I would like to know who to remove a string or paragraph that are between ((( string )))

Lorem ipsum (((dolor sit amet))), consectetur adipiscing elit. Vestibulum aliquet fringilla est, dictum tempor nunc venenatis at. Sed nec velit sit amet velit cursus imperdiet. Vivamus tincidunt ut nunc quis euismod. Quisque sit amet lorem rhoncus, malesuada justo at, ullamcorper erat.

So "dolor sit amet" should not be in the return

Here's the cmd I have for now which detect the first ((( but then stop...

sed -e "/(((/,/)))/d" file.txt
  • Do you want to keep the ((( and ))) in the text? Commented Mar 10, 2015 at 14:53
  • How complex can this get? Can there be nested parentheses? Things like ((( foo ((( bar))) baz)))? How would you like those to be dealt with? How about ((( foo \n bar (((baz))) )))?
    – terdon
    Commented Mar 10, 2015 at 15:04
  • No actualy I need to remove what' inside those. And if there's line break it need to be aware of that too.
    – Warface
    Commented Mar 10, 2015 at 15:05
  • @terdon No there's no nested ((( ))). But it have line breaks so it should be able to search on other lines to find the closing parentheses.
    – Warface
    Commented Mar 10, 2015 at 15:14

3 Answers 3

sed -e :p -e '/(((/!b     
'   -e :n -e 's/)))/\     
/;            s/(((.*\n//; tp
$d;N;         s//(((/;     tn'

This should do it. It will branch away (and consequently autoprint) any lines not matching ((( but once one is found it attempts to remove everything between the first occurring ((( sequence and the first occurring ))). If it cannot because the trailing ))) is not found on the current line then it pulls in the Next line, removes everything between the ((( and the head of the next line, and searches again. If it makes it to the end of the $last line while still searching for ))) it gives up. In this way it never buffers more than a line at a time because it removes all that follows ((( each time it has to pull in a newline.
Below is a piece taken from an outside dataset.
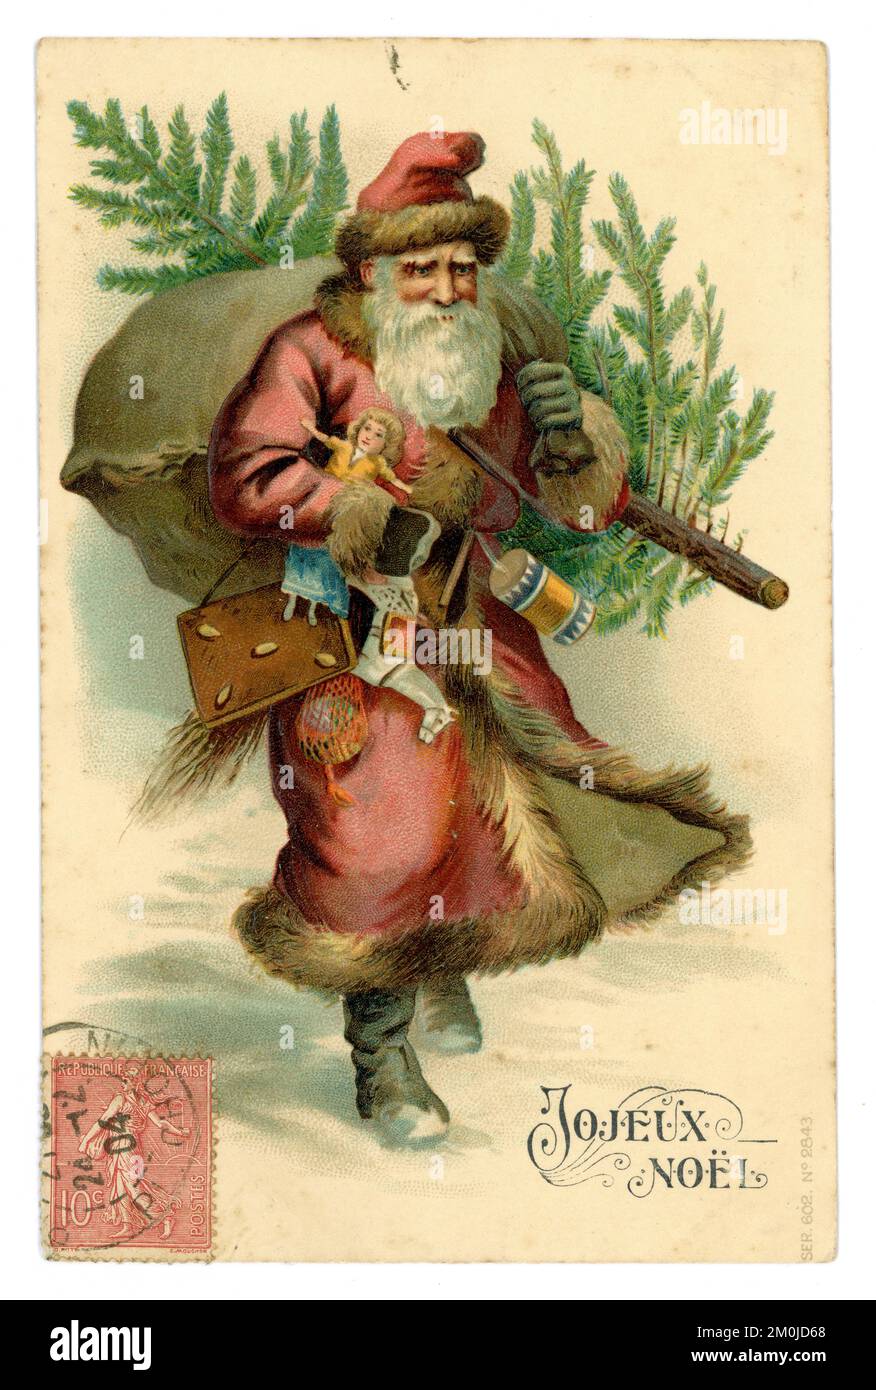 Edwardianische Ära Grußkarte Postkarte des Weihnachtsvaters mit Geschenken und einem Baum mit französischem Stempel auf der Vorderseite, Grußworte ist Joyeux Noel. Veröffentlicht am 24. Dezember 1904 Stockfoto

It should handle as many ((( ))) pairs as might occur on a line - and it does not matter if any ( or ) occur between the two ends - it will seek past 2 or fewer ) and any number of (.

After finding ))) it resets to a search for ((( and so it doesn't fail to handle the next pair even after crossing new-line boundaries.

  1. :p - declare the p branch label. The script branches here if it can replace a ))) sequence with a newline then subsequently remove everything between ((( and \n.
  2. /(((/!b - branch away - and autoprint pattern space - if there are no remaining ((( sequences in pattern space.
  3. :n - declare the branch :label n. The script branches here if a ((( is found but a ))) cannot be found on the same line.
  4. s/)))/\n/ - substitute first occurrence of ))) for a newline. This only happens if a ((( has already been matched.
  5. s/(((.*\n// - substitute away everything between first ((( and the only \newline in pattern space.
  6. tp - test for a successful substitution; if true, branch to label :p.
  7. $d;N - the last substitution was not successful; if current line is the $last delete it, else append the Next to pattern space.
  8. s//(((/;tn - repeat last regexp and substitute all between first occurring ((( and the newline just added for ((( then branch to label :n.

Doing this for single line strings is very simple:

sed 's/((([^)]*)))//g' file

If you need it to deal with multiline strings, it gets more complex. One approach would be to use tr to replace all newlines with the null character (\0), make the substitution and translate back again:

tr '\n' '\0' < file | sed 's/((([^)]*)))//g' | tr '\0' '\n'

Alternatively, you could just use perl:

perl -0pe 's/\(\(\([^)]+\)\)\)//g;' file

The -0 causes perl to read the entire file into memory (this might be a problem for huge files), the -p means "print each line" but because of the -0, the "line" is actually the entire file. The s/// is the same idea as for sed.

  • I think I don't have a choice to use the perl command since sed seems to only works with lines. Thanks
    – Warface
    Commented Mar 10, 2015 at 15:26
  • @Warface not sure what you mean. Sed can actually deal with multiline operations, it's just difficult.
    – terdon
    Commented Mar 10, 2015 at 15:47


sed 's/((([^)]*)))//' file

or probably even better in your sentence

sed 's/ ((([^)]*)))//' file
  • Oh damn it only works if there's only 1 word inside the delimiter what about paragraph?
    – Warface
    Commented Mar 10, 2015 at 14:55
  • If the string/paragraph have line breaks in it seems that it doesn't work.